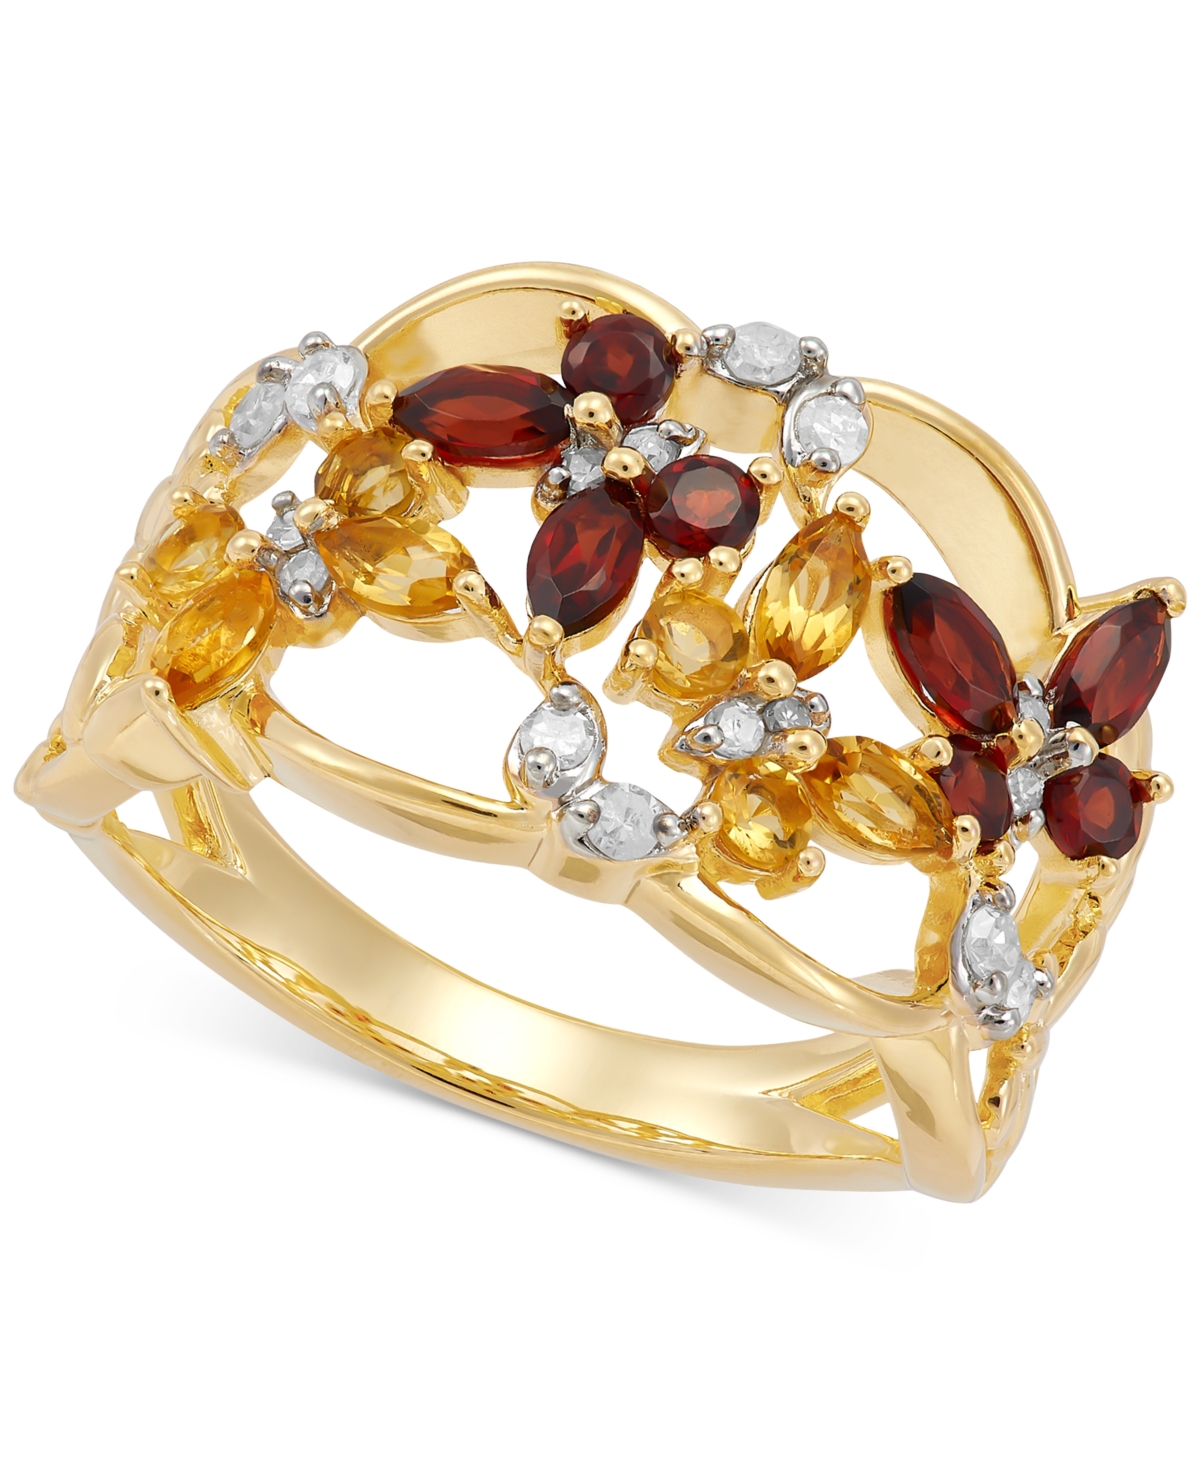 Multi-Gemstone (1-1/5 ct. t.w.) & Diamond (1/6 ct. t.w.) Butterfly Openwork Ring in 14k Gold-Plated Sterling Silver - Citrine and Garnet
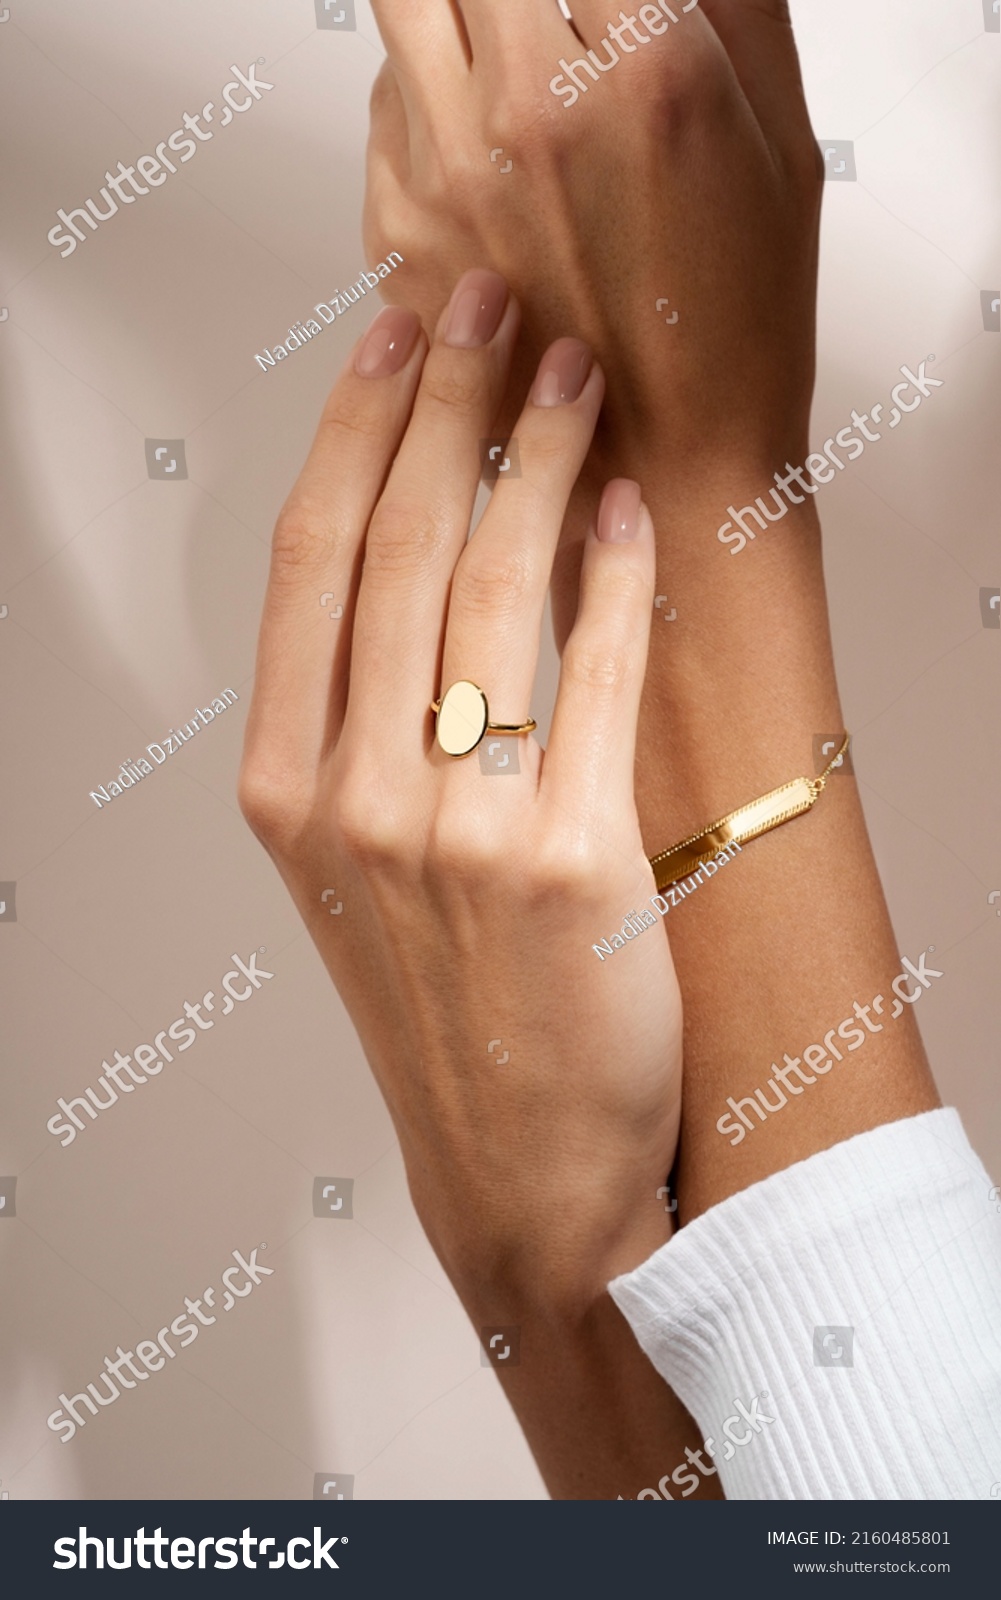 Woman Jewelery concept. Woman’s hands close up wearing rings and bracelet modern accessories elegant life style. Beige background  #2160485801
+ + + + +
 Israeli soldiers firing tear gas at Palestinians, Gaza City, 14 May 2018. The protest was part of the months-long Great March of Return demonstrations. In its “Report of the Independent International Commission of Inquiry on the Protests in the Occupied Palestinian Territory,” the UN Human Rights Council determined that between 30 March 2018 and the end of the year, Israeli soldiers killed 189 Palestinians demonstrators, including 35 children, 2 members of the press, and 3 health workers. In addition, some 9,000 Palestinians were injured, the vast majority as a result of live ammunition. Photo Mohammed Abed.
+ + + + +
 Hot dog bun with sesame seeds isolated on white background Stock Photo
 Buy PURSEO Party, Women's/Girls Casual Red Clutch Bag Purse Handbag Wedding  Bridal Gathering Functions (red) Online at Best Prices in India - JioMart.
+ + + + +
• **EXERCISE BRIEF**: From the material above, copy every line that has the word "Photo" in it.

• **ANSWER TO THE EXERCISE**:
 Israeli soldiers firing tear gas at Palestinians, Gaza City, 14 May 2018. The protest was part of the months-long Great March of Return demonstrations. In its “Report of the Independent International Commission of Inquiry on the Protests in the Occupied Palestinian Territory,” the UN Human Rights Council determined that between 30 March 2018 and the end of the year, Israeli soldiers killed 189 Palestinians demonstrators, including 35 children, 2 members of the press, and 3 health workers. In addition, some 9,000 Palestinians were injured, the vast majority as a result of live ammunition. Photo Mohammed Abed.
 Hot dog bun with sesame seeds isolated on white background Stock Photo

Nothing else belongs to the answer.